Lots of free wood - that's a great scrounge !
Forego the sycamore (front, bottom left of pic). It's tough splitting and not that great for firewood.
For that price, grab all that maple that you can. That’ll save you money to use for dog food. BTW, I thought that first pic was taken in front of the black bear exhibit at a zoo, at first.
I got some split I waited too long last year did not dry in time starting a little earlier this year to have some good seasoned wood to burn !!got a lot more to split but got to get the big splitter out thanks for the replies
So the best way to identify the tree species is by the bud. Every species has a different bud. Buds also work when there aren’t leaves on the tree.
The next thing I’ll use is the leaf. Note, this only works when the tree has leaves on it. Sometimes petioles or dead leaves can be found below the tree and help ID.
Bark is the least useful way to ID as it changes so much as a tree ages, but certain traits are often present regardless of the tree age.
Finally, the wood itself is often different between species. Open vs closed pore structure, rays, color, spalting, etc can all be used to ID wood.
HTH, there’s a lot to it, and once you learn it you’ll probably decide it doesn’t matter and whatever it is, it’ll keep you warm.
The Canadian Flag has a sugar maple leaf on it. The leaves are very distinct from silver or red. Unless planted as a small tree, sugar maple rarely grows wild in any area with worms in the soil.
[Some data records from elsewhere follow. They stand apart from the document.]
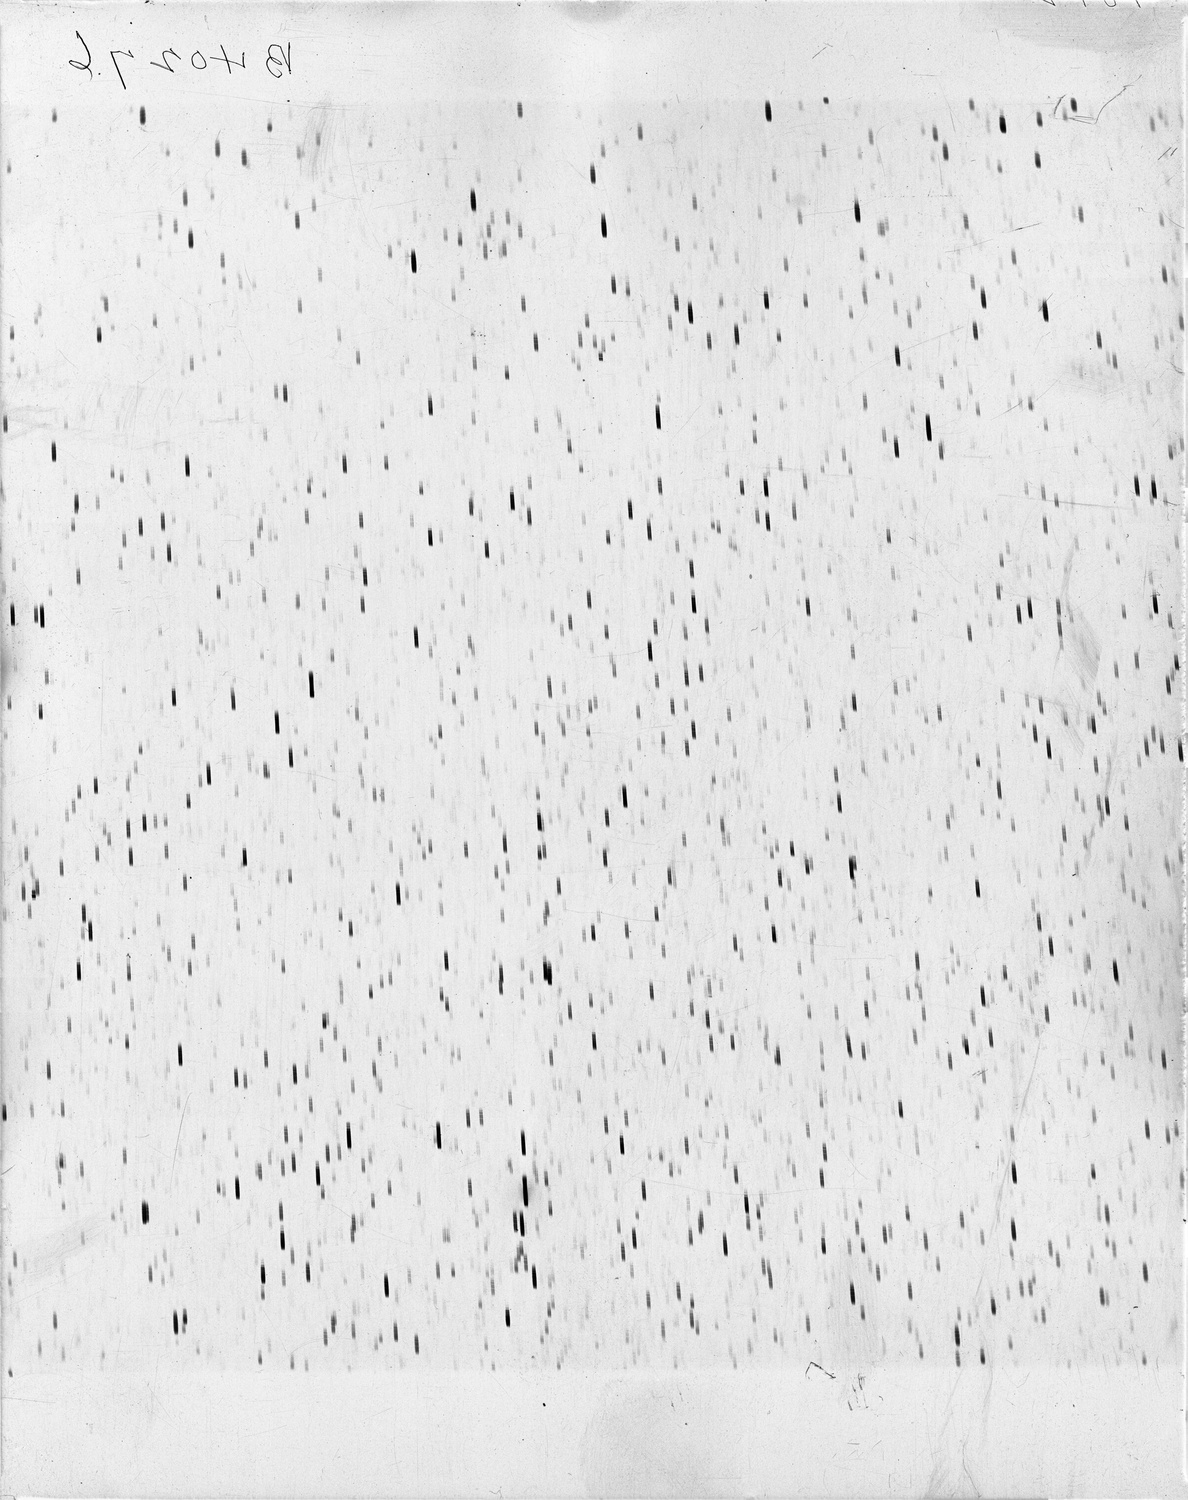 An astronomical photographic plate taken in Peru from Harvard College Observatory's Arequipa Station.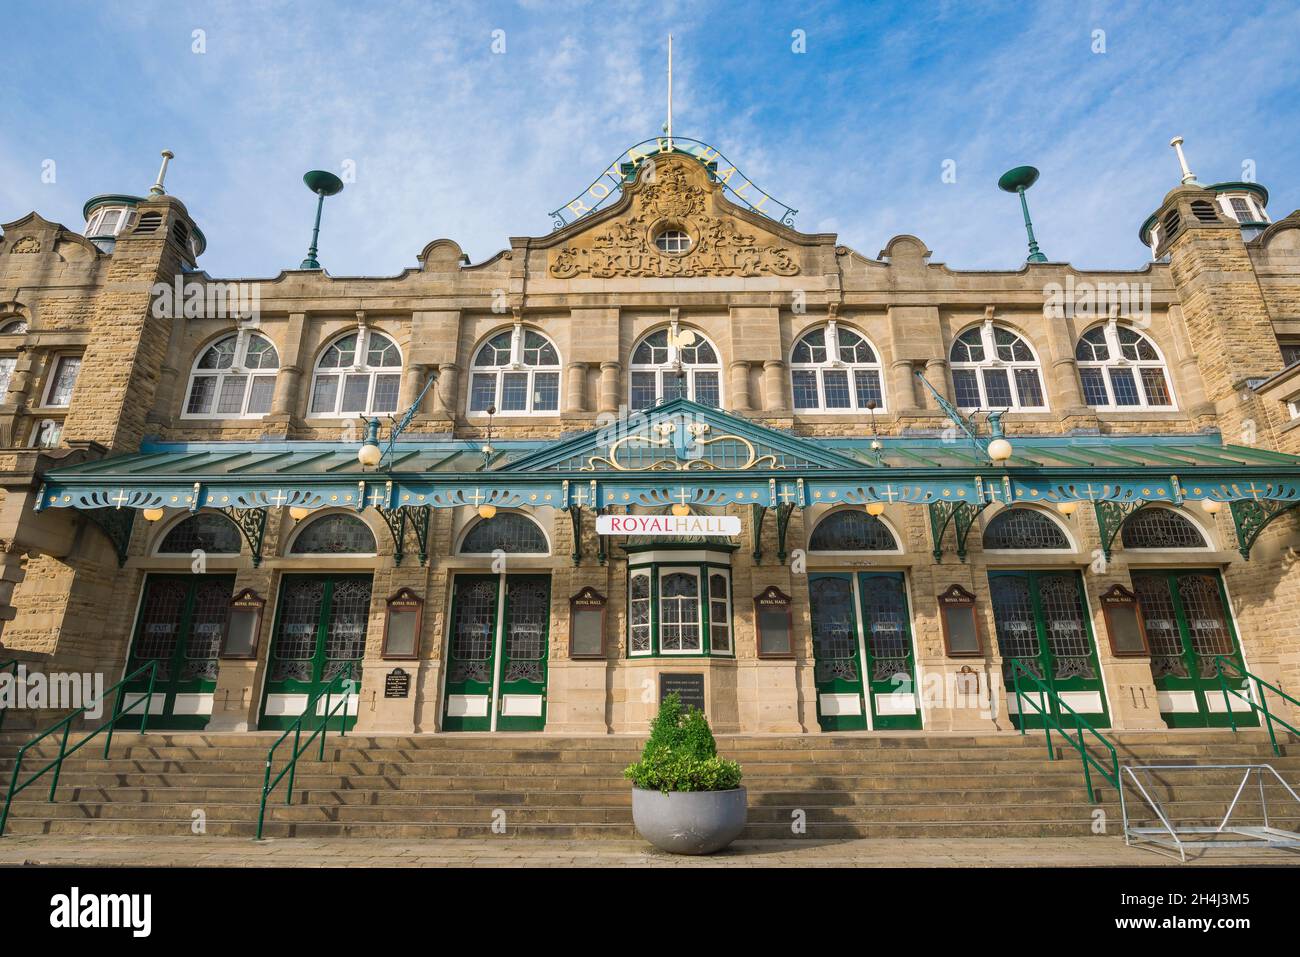 Harrogate Royal Hall, view of the Edwardian era Royal Hall (1903) - a carefully restored popular theatre and entertainment venue in Harrogate, UK Stock Photo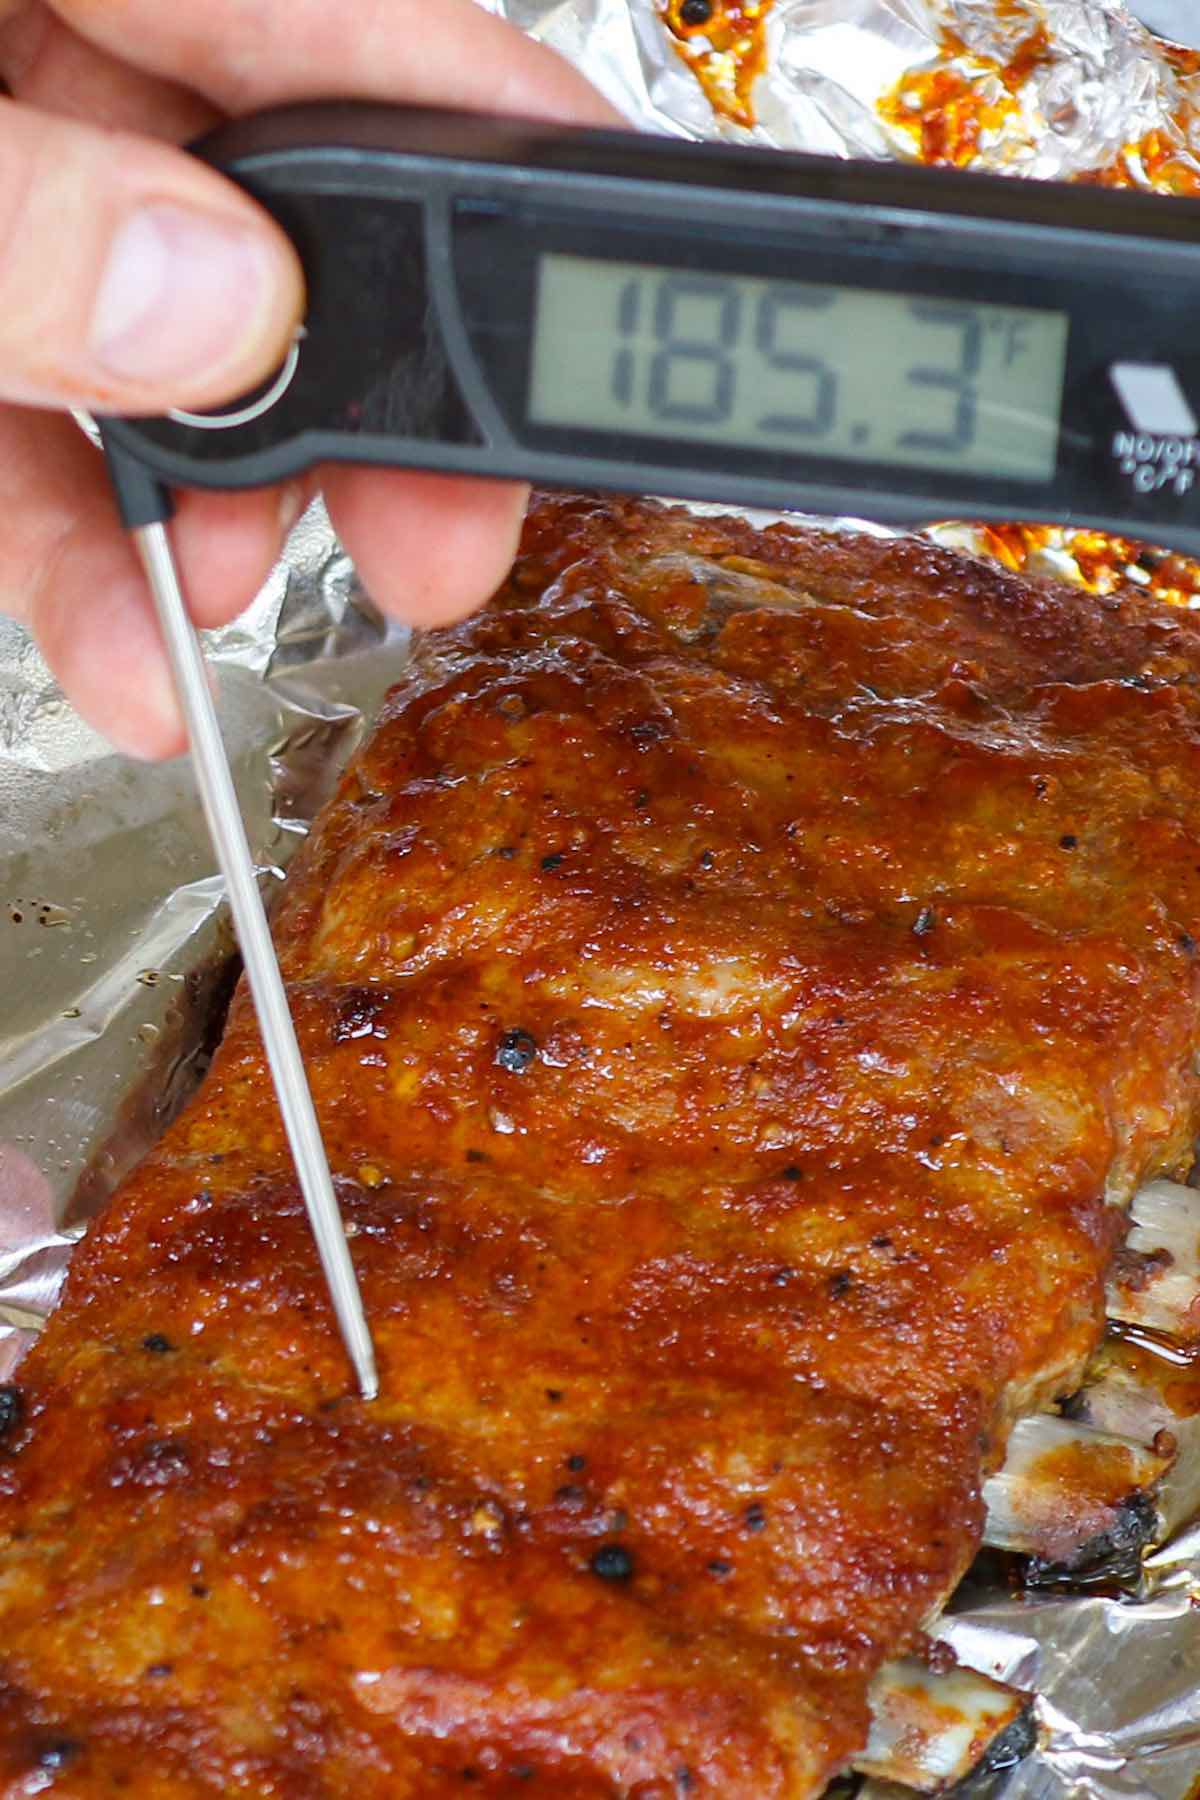 Checking the internal temperature of ribs and getting a reading of 185°F showing they are ready

My guess is every scrap of Ohio has been cultivated at one point so odds are low its a naturally regenerated sugar maple. Norway maple is a very popular landscape tree as its tolerant to urban settings but is borderline invasive. Norway and Silver are both fast growing less dense wood. Still good wood if free but given the choice Sugar maple is denser (slower growing). Red maples can get big but they frequently regenerate in clusters of stems and as they age they can get rot at the junction between the stems at base. If they are pruned back to a single dominant stem early enough the healthy tree will seal over the other cut stems but the older they get the more likely hood of rot at the base if its still a cluster. Lots of big old planted and wild Silver maples out there, they have a big crown but love to shed big branches in wind storms.
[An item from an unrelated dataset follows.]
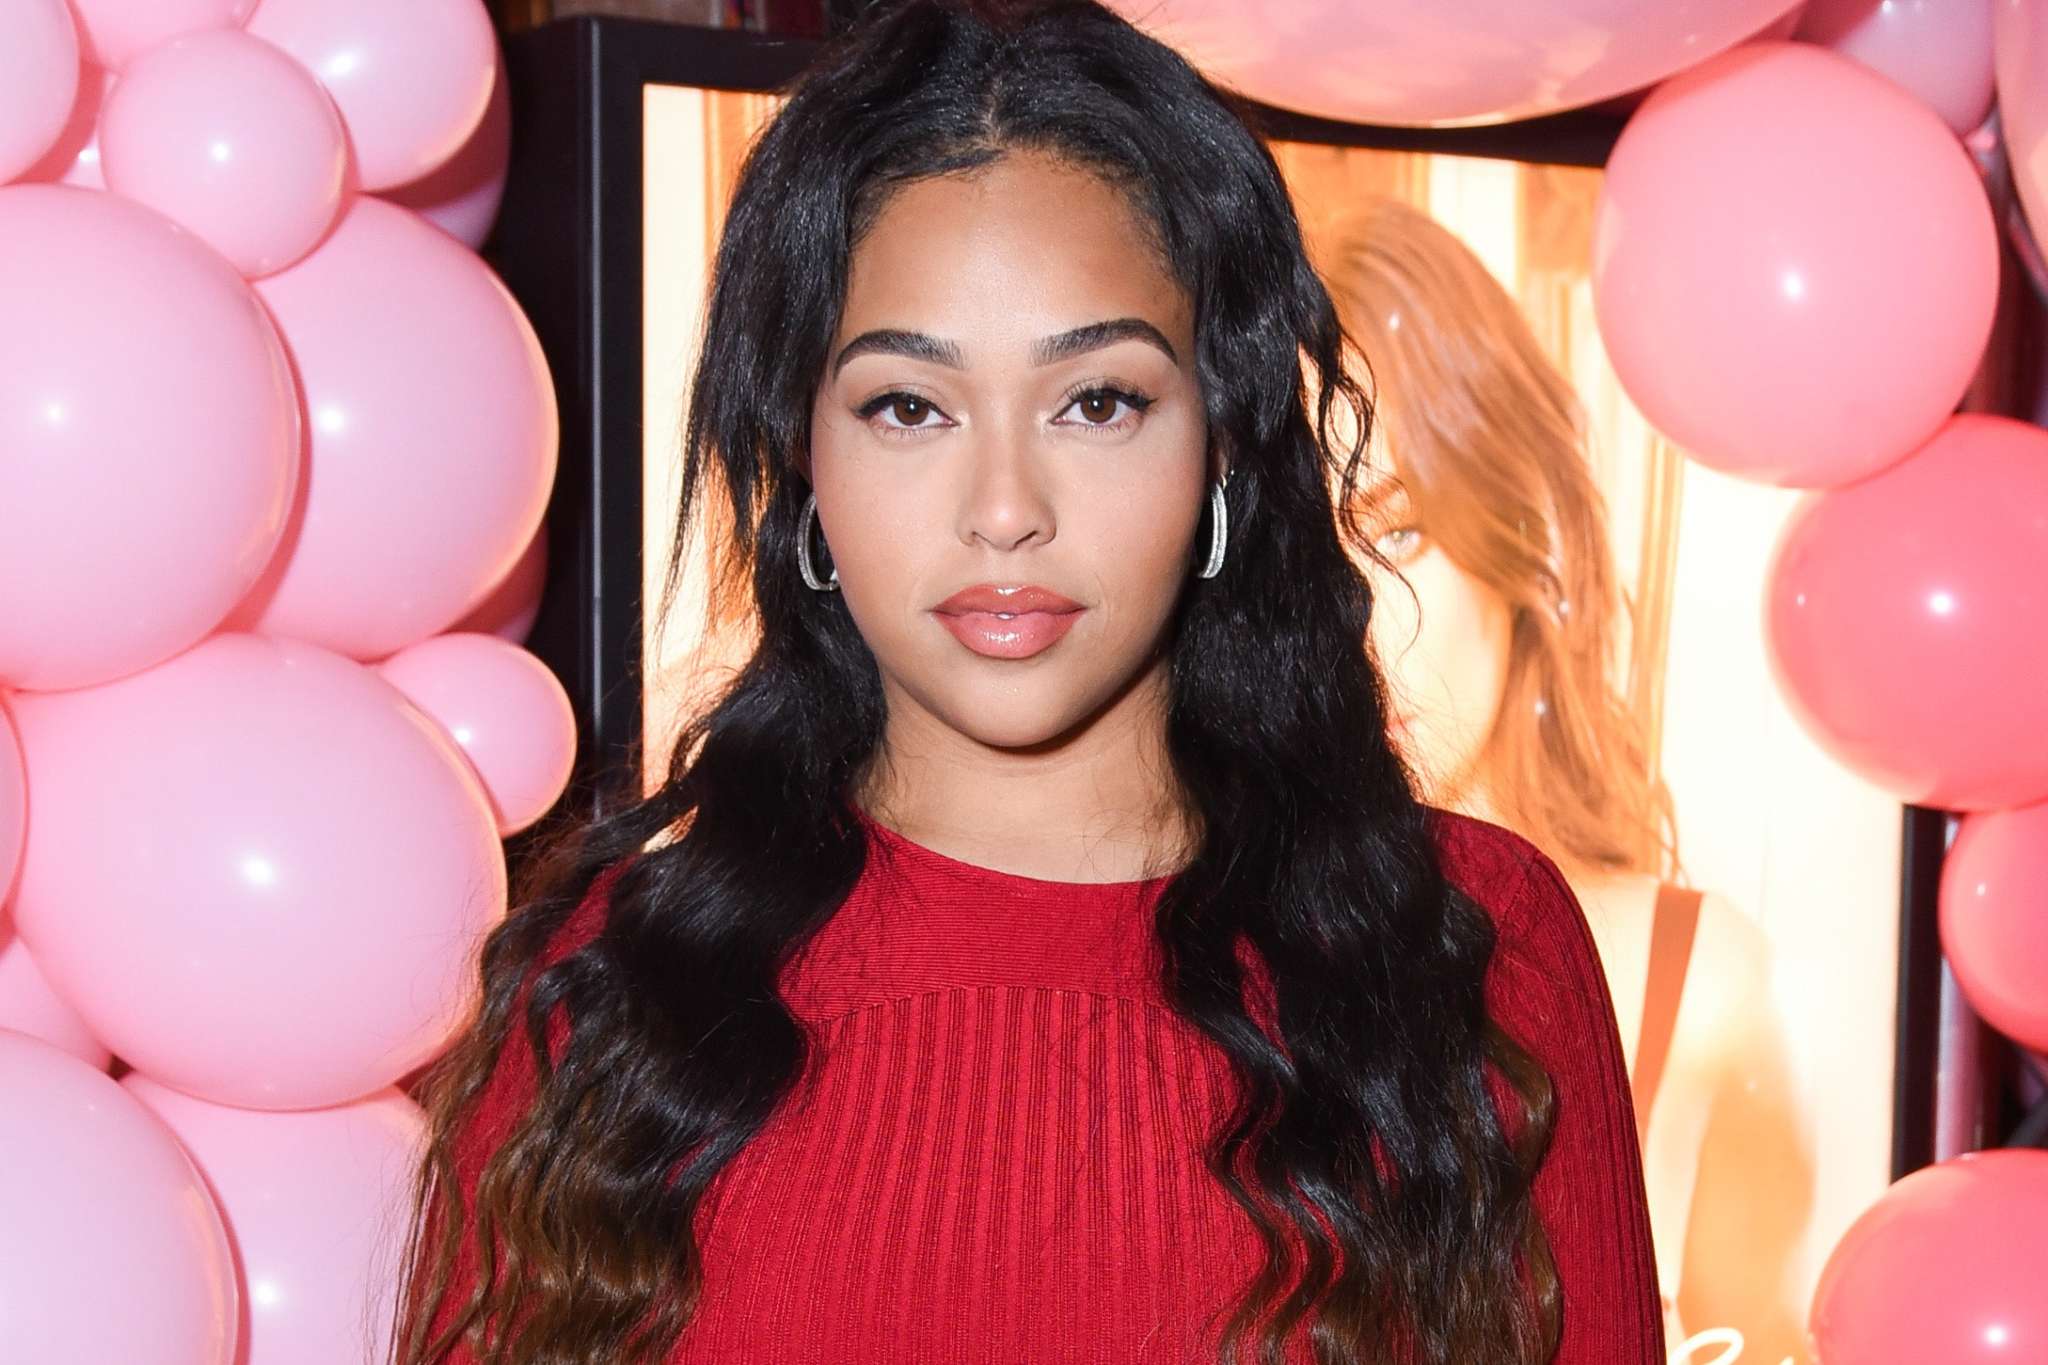 Jordyn Woods Is Glowing In Her Latest Photo - Check Her Out Driving This Red Beauty

The reason as I understand for the worms issue with sugar maples is that Sugar Maple seeds require a deep "duff" layer of decomposing leaves to take root. Worms are very effective at converting leaves into castings so the duff layer is much shallower in areas with worms so the sugar maples seeds cant take root, unless they are grown in a nursery. When I go off trail "bushwhacking" in areas with sugar maples its quite impressive how deep the leaf layer will be, nice soft walking even in the spring we shuffle through 10 to 12". Even with the right duff layer, the soil also needs to be "sweet" and lot of soils in New England went acid due to ddecades of midwest coal plant emissions and lack of buffering minerals in the soil. I was at a maple sugar shack a couple of weeks ago and the owner was commenting that his primary sugar maple sugar bush that had been in the family for 140 years had gotten wiped out in an ice storm in 1998 and the only regeneration he is getting is red maple. it still makes sugar but its lower sugar content.